The objective of this study was to assess the influence of oral contraceptives (OCs) on the risk of venous thromboembolism (VTE) in young women. A 5-year case-control study including all Danish hospitals was conducted. All women 15-44 years old, suffering a first ever deep venous thrombosis or a first pulmonary embolism (PE) during the period January 1, 1994, to December 30, 1998, were included. Controls were selected annually, 600 per year in 1994-1995 and 1200 per year 1996-1998. Response rates for cases and controls were 87.2% and 89.7%, respectively. After exclusion of nonvalid diagnoses, pregnant women, and women with previous thrombotic disease, 987 cases and 4054 controls were available for analysis. A multivariate, matched analysis was performed. Controls were matched to cases within 1-year age bands. Adjustment was made for confounding influence (if any) from the following variables: age, year, body mass index, length of OC use, family history of VTE, cerebral thrombosis or myocardial infarction, coagulopathies, diabetes, years of schooling, and previous birth.
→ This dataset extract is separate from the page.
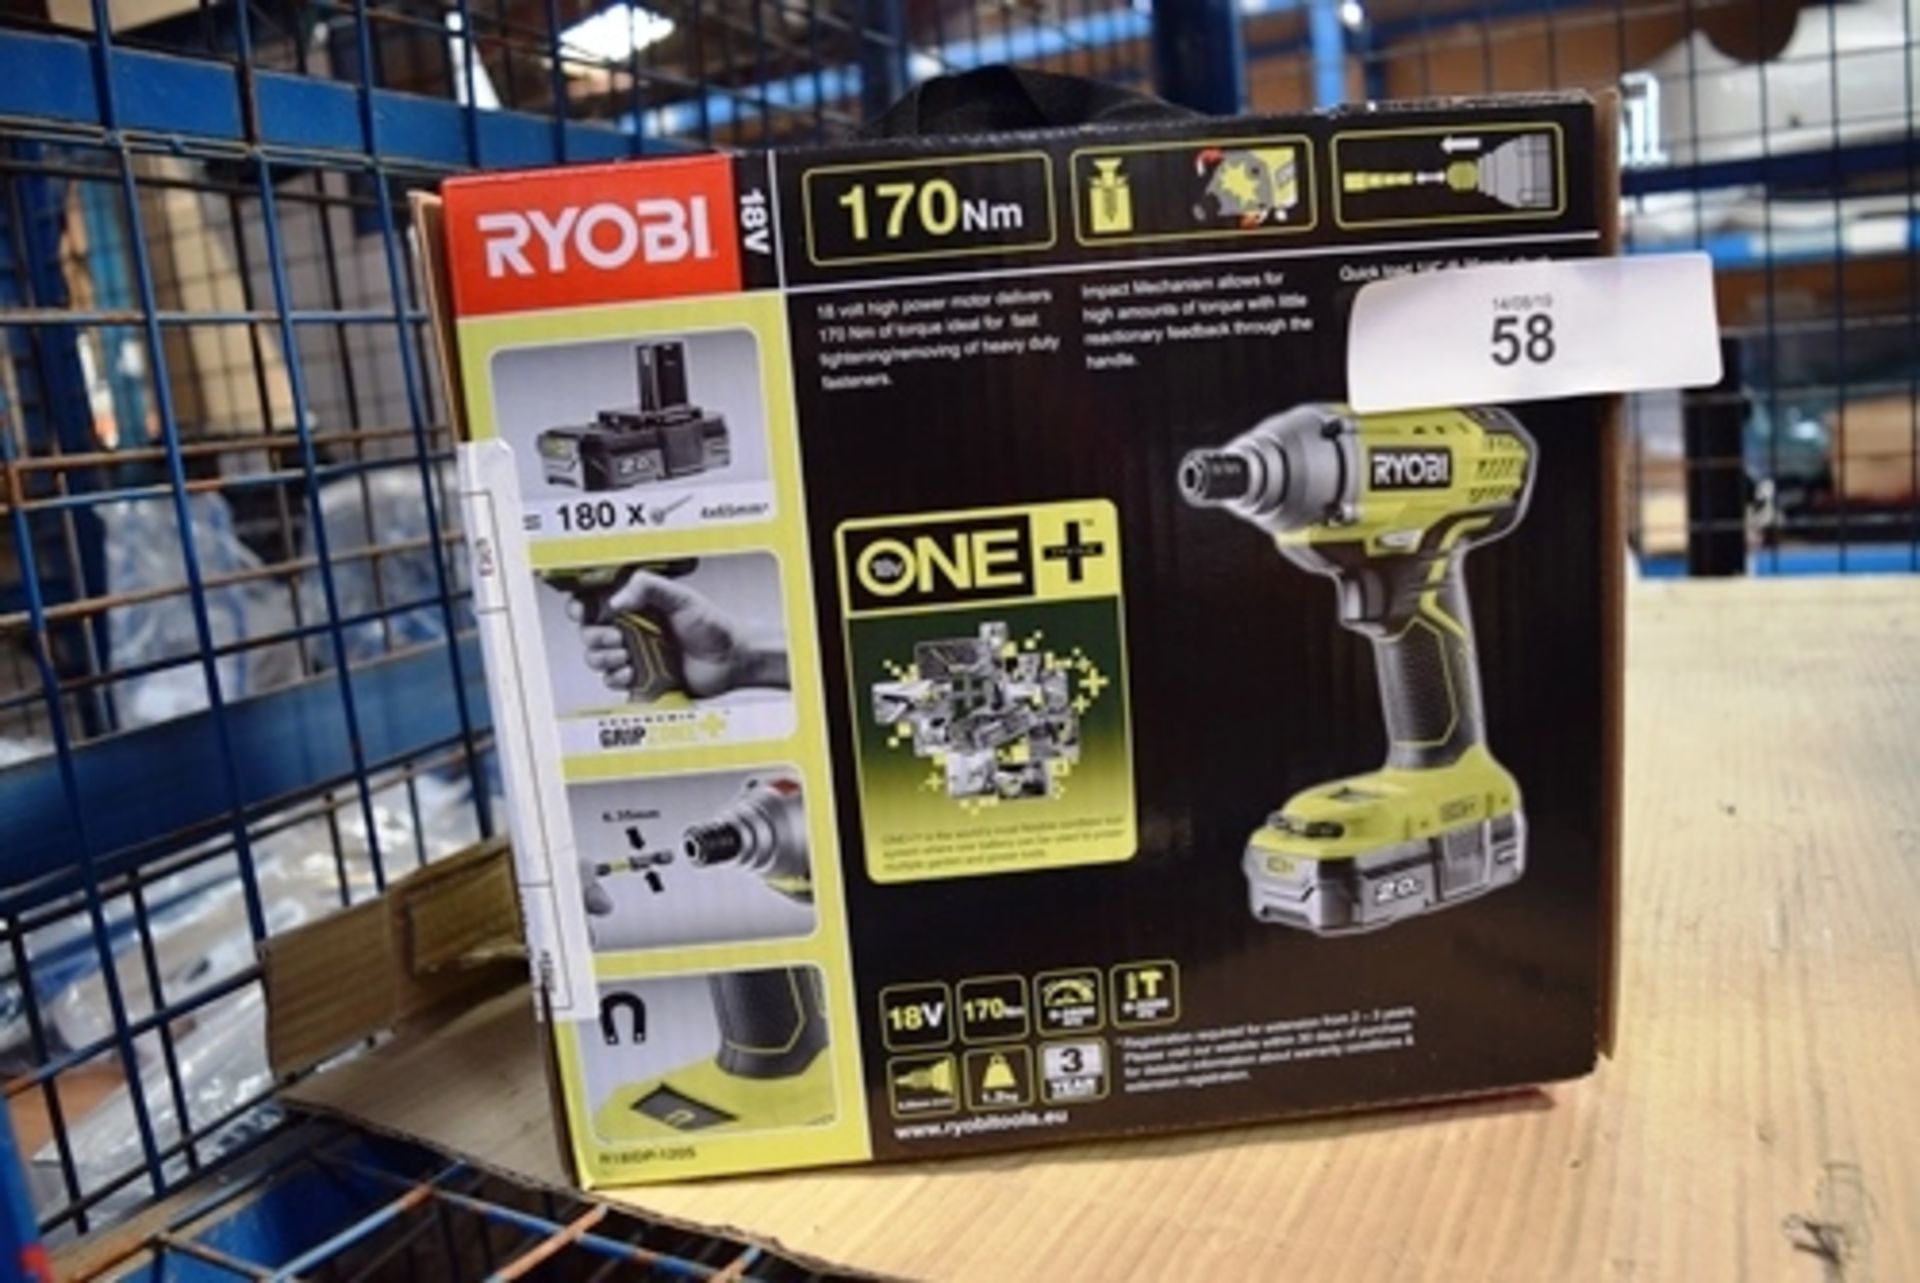 A Royobi 18V cordless drill, model R18IDP-120S - New in box (Cage4)
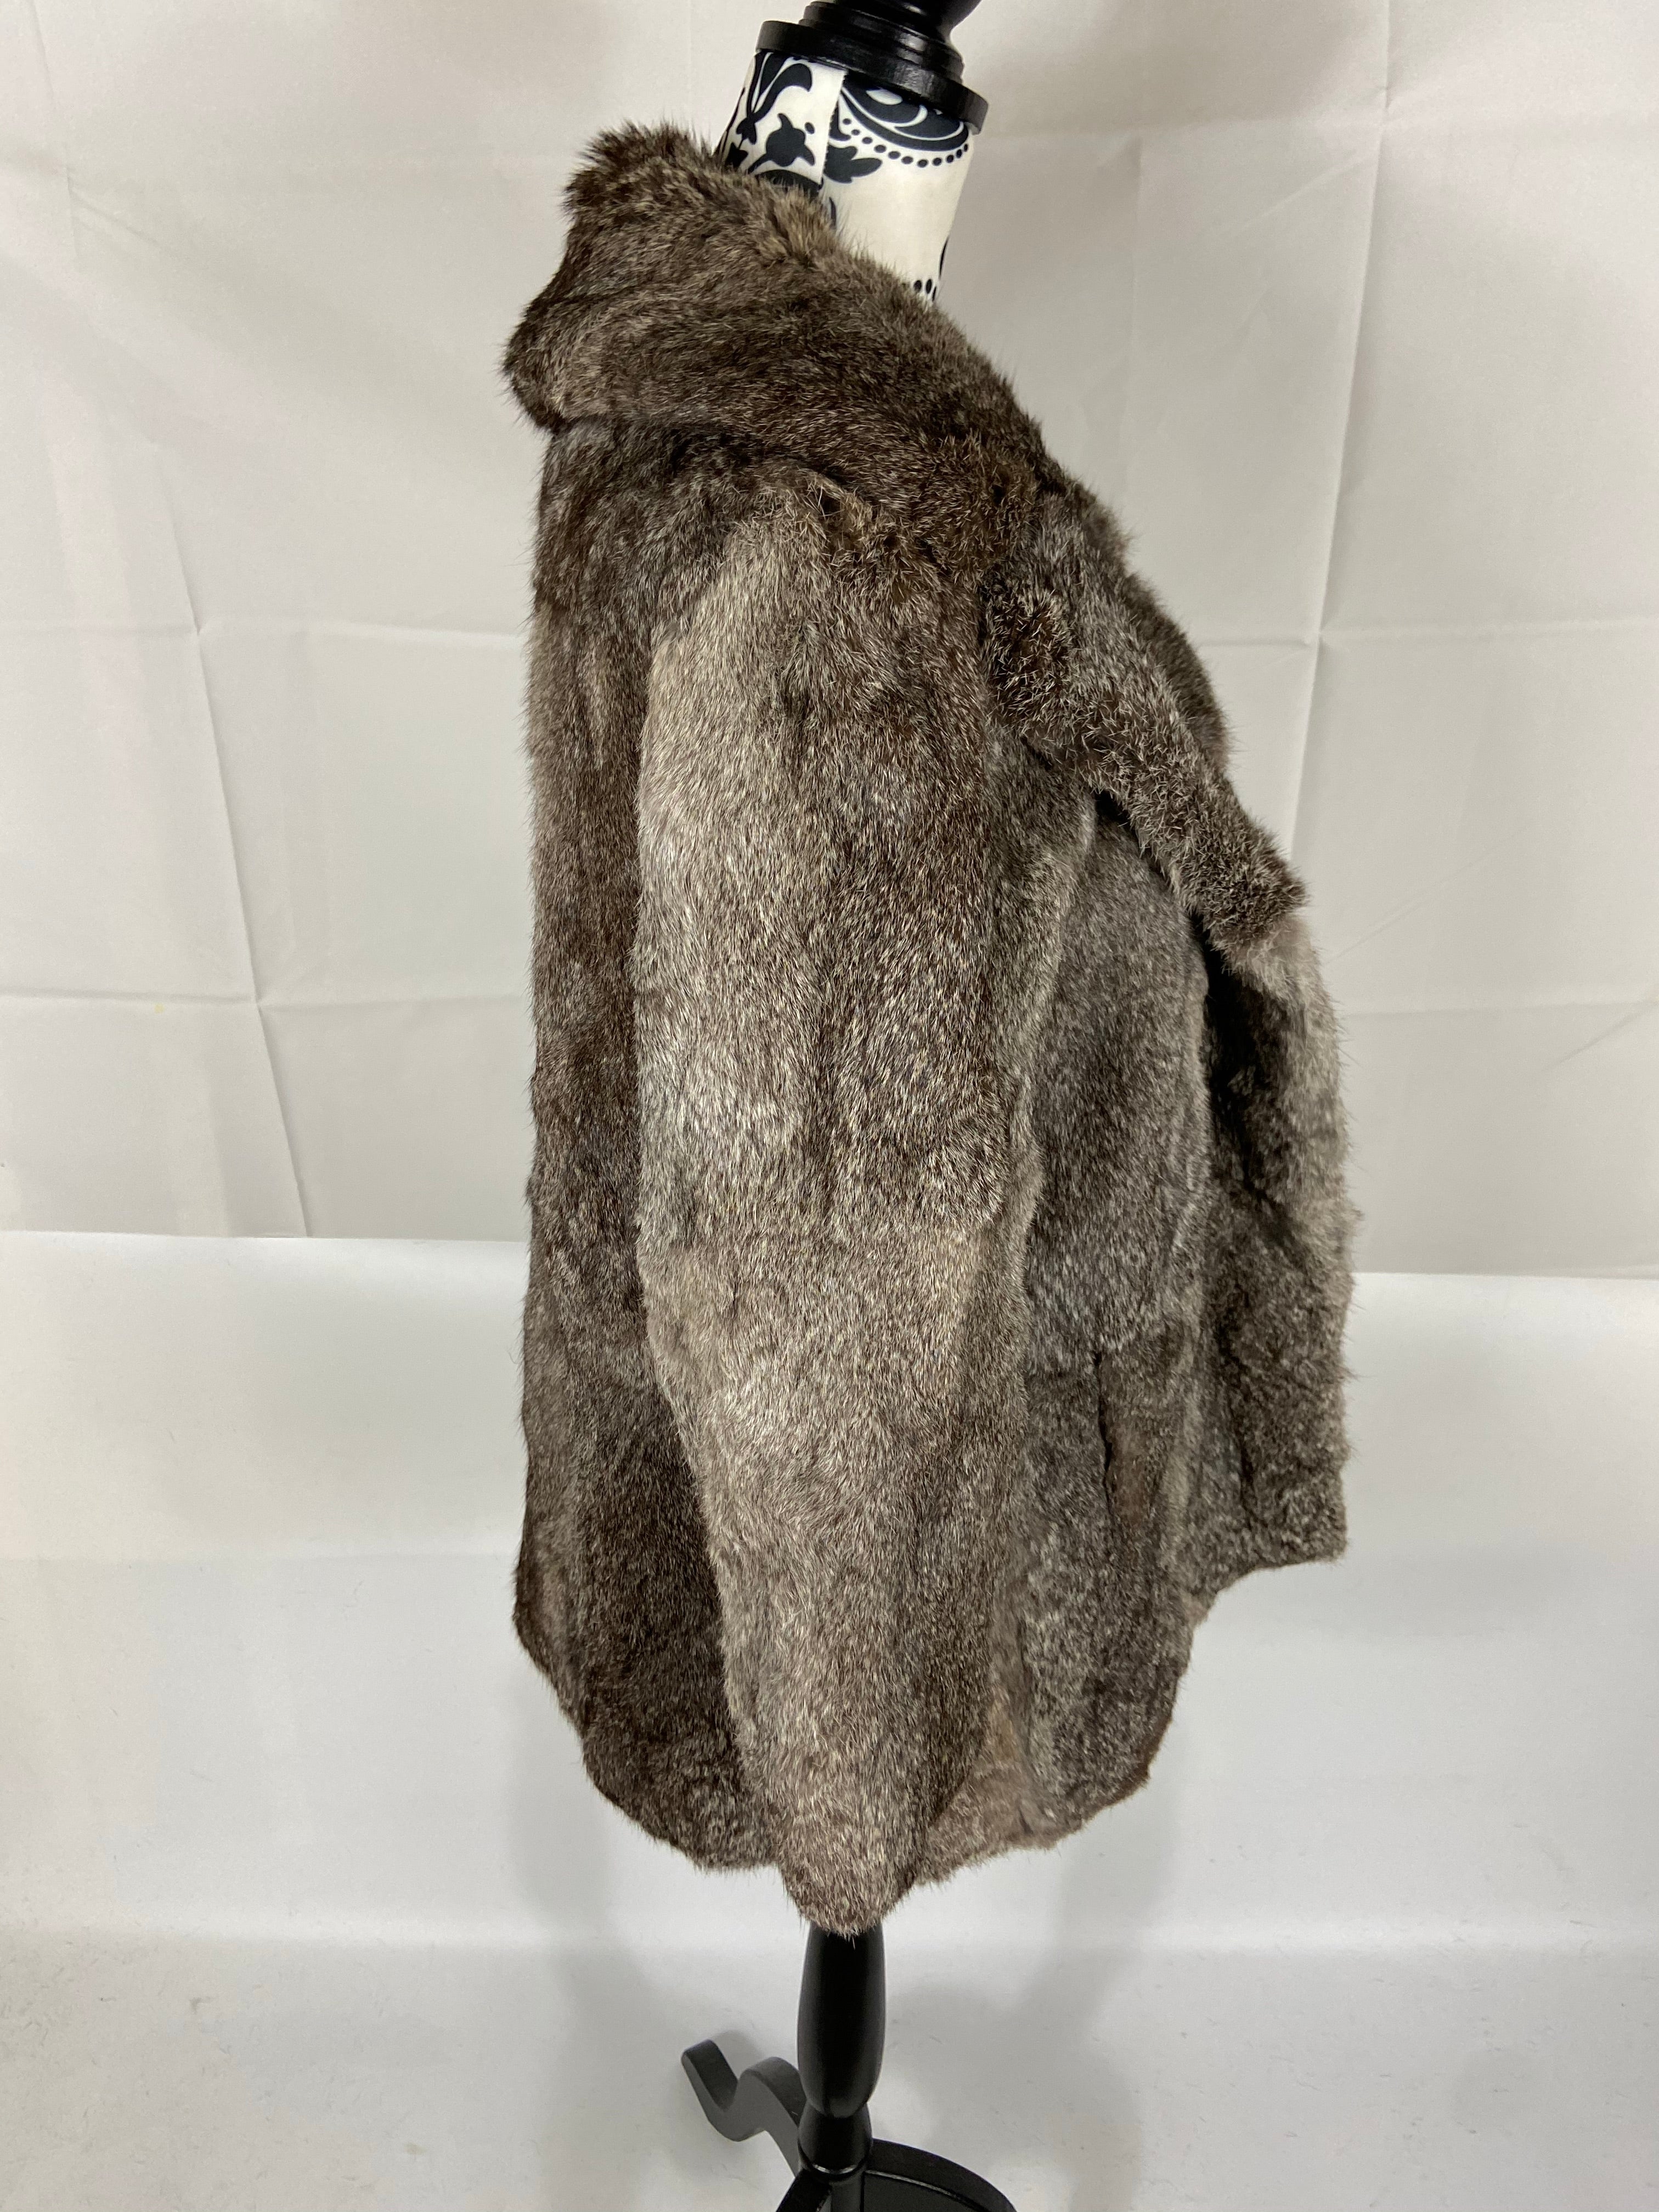 Women’s Vintage Stunning Real Rabbit Fur Coat Size: Small-Medium

The risk of VTE among current users of OCs was primarily influenced by duration of use, with significantly decreasing odds ratios (OR) over time: <1 year, 7.0 (5.1-9.6); 1-5 years, 3.6 (2.7-4.8); and >5 years, 3.1 (2.5-3.8), all compared with nonusers of OCs. After adjustment for confounders, current use of OCs with second- (levonorgestrel or norgestimate) and third- (desogestrel or gestodene) generation progestins when compared with nonuse resulted in ORs for VTE of 2.9 (2.2-3.8) and 4.0 (3.2-4.9), respectively. After adjusting for progestin types and length of use, the risk decreased significantly with decreasing estrogen dose. With 30-40 microg as reference, 20 and 50 microg products implied ORs of 0.6 (0.4-0.9) and 1.6 (0.9-2.8), respectively (p(trend) = 0.02). After correction for duration of use and differences in estrogen dose, the third/second-generation risk ratio was 1.3 (1.0-1.8; p <0.05). In conclusion, use of OCs was associated significantly to the risk of VTE. The risk among current users was reduced by more than 50% during the first years of use. The risk increased more than 100% with increasing estrogen dose, and the difference in risk between users of third- and second-generation OCs, after correction for length of use and estrogen dose, was 33%.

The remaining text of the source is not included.